Task instructions -> Write out the stretch of lines below that begins at the line with "Nytol Melatonine 5mg blister" and ends at the line with "AFNOR-Certification-Opticiens-engagez-vous01", including both, exactly as given and nothing more.

+++ Material for this exercise +++

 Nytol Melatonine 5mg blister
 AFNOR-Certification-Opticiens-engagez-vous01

+++
+++ Material for this exercise +++

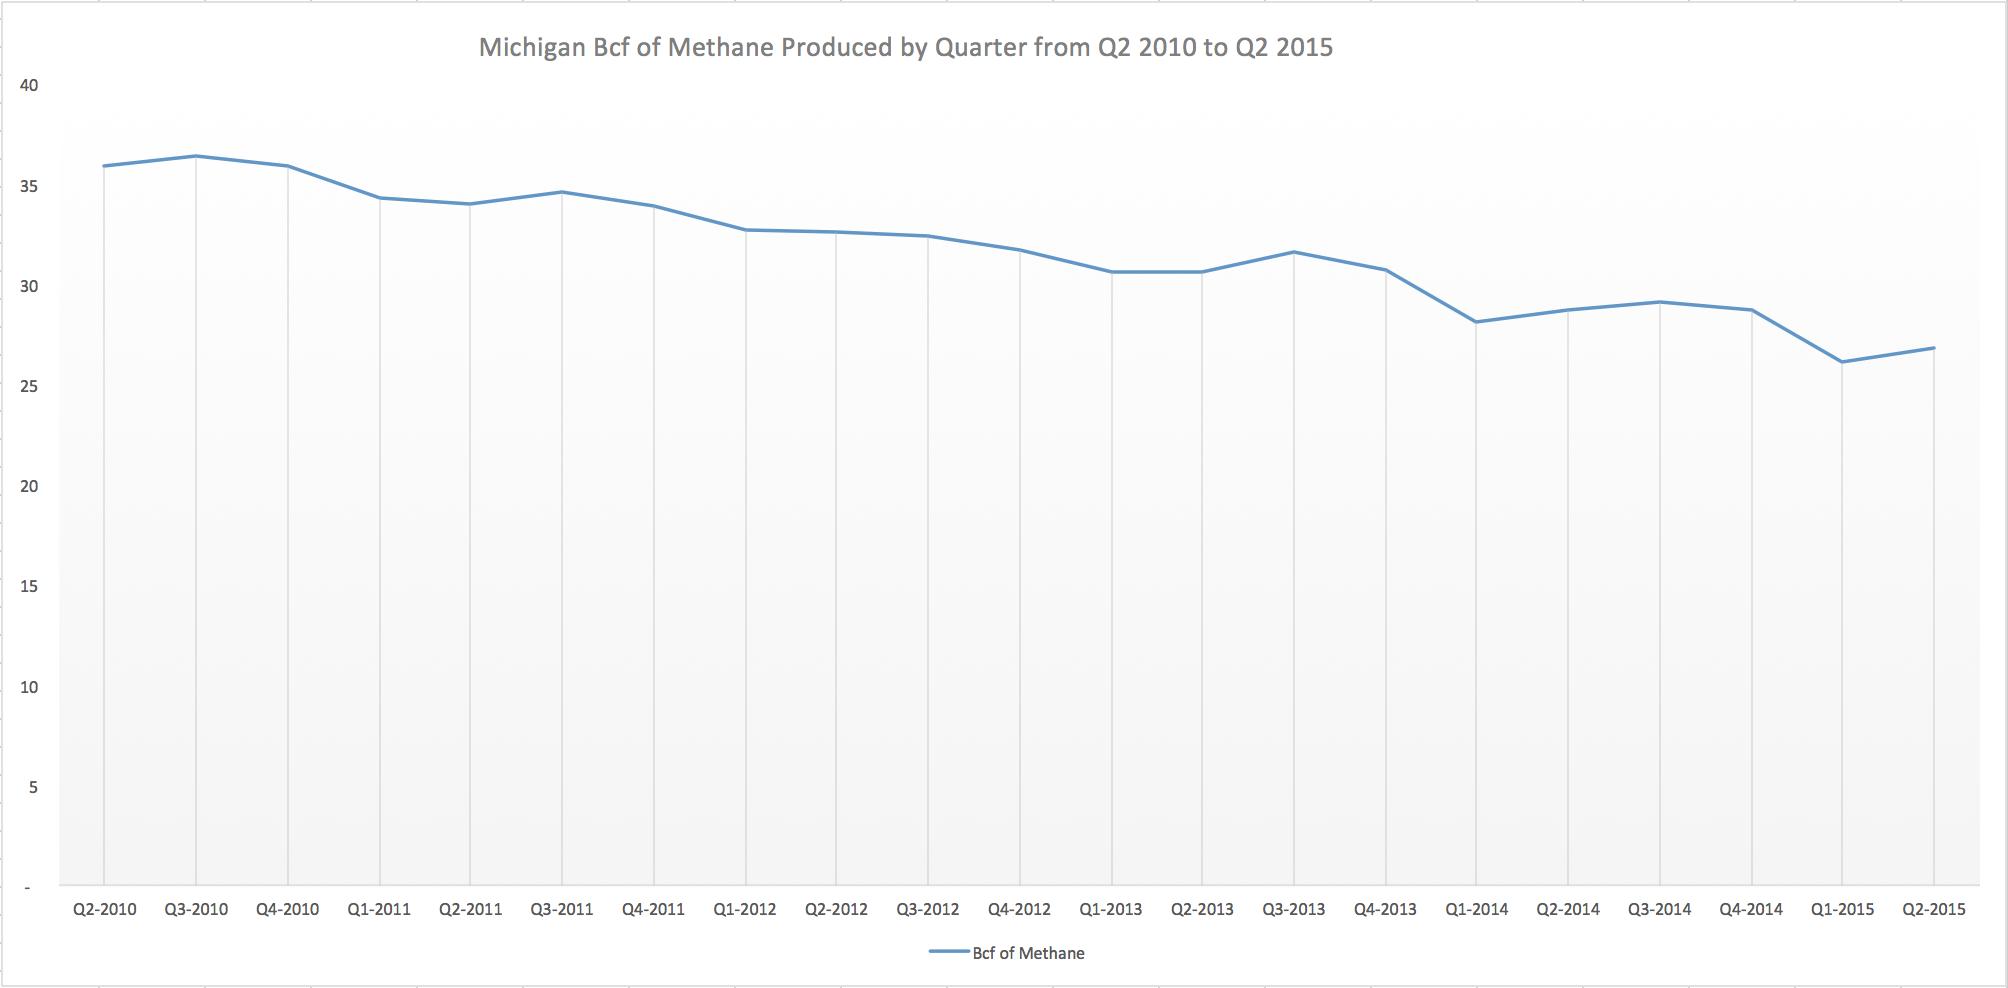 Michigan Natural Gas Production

+++

Output for this exercise ->
 Nytol Melatonine 5mg blister
 AFNOR-Certification-Opticiens-engagez-vous01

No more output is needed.